(Collected material)
※

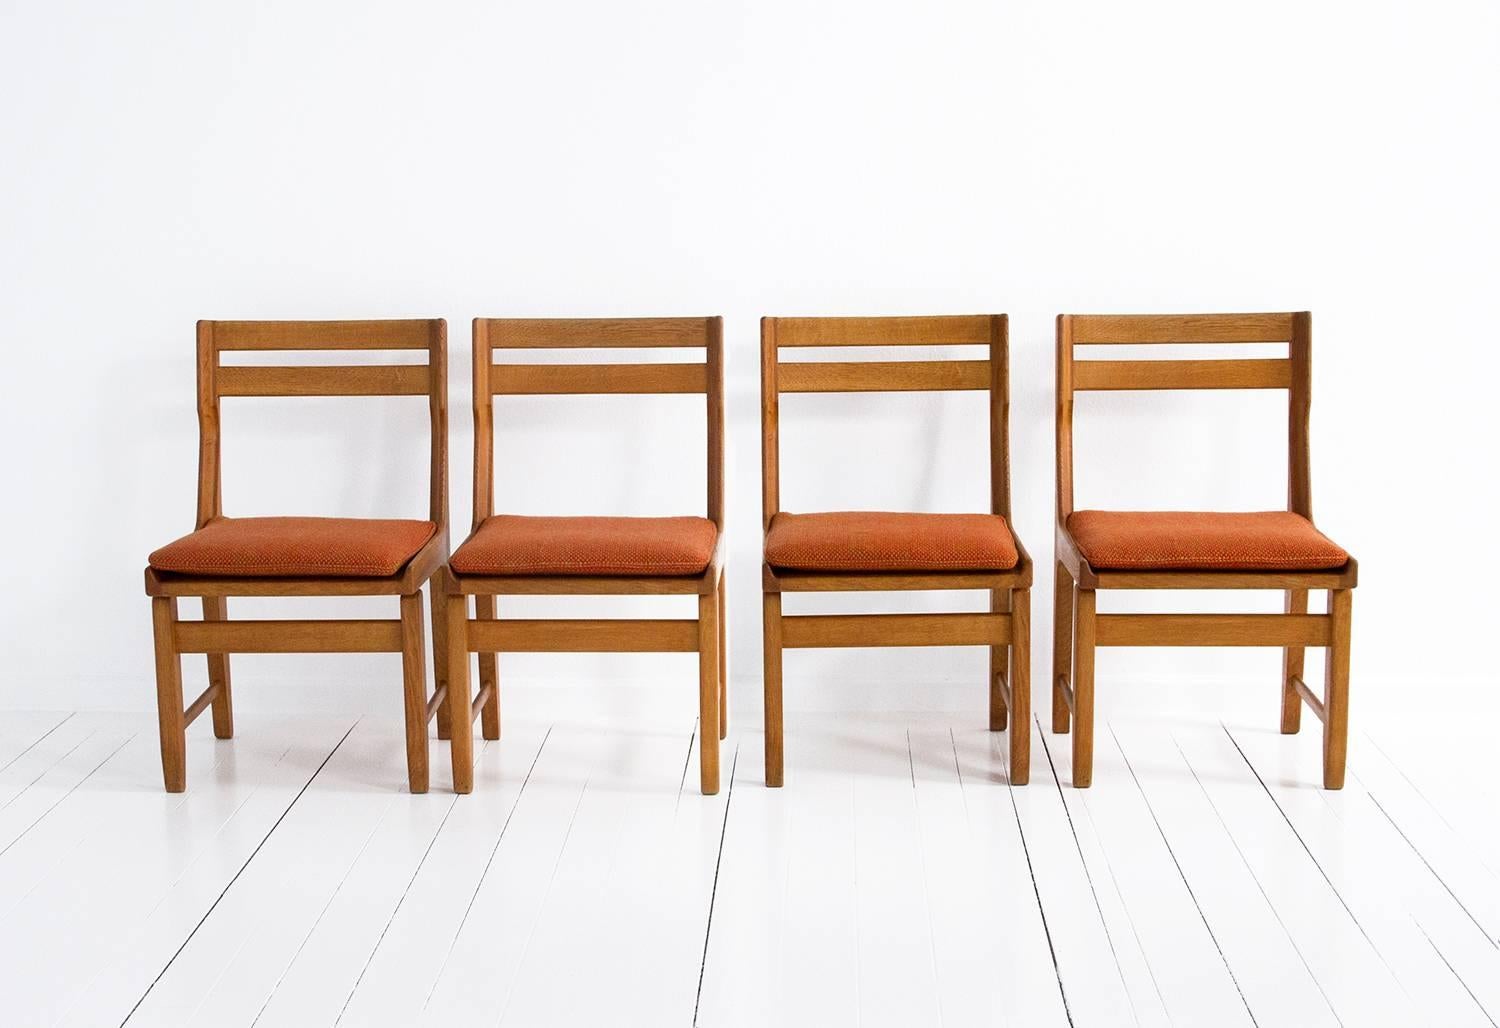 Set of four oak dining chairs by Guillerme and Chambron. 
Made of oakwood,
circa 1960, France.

※

(Directions for this task)
Please repeat the listing above word for word, with the pictures removed.

(Answer space)
 Set of four oak dining chairs by Guillerme and Chambron. 
Made of oakwood,
circa 1960, France.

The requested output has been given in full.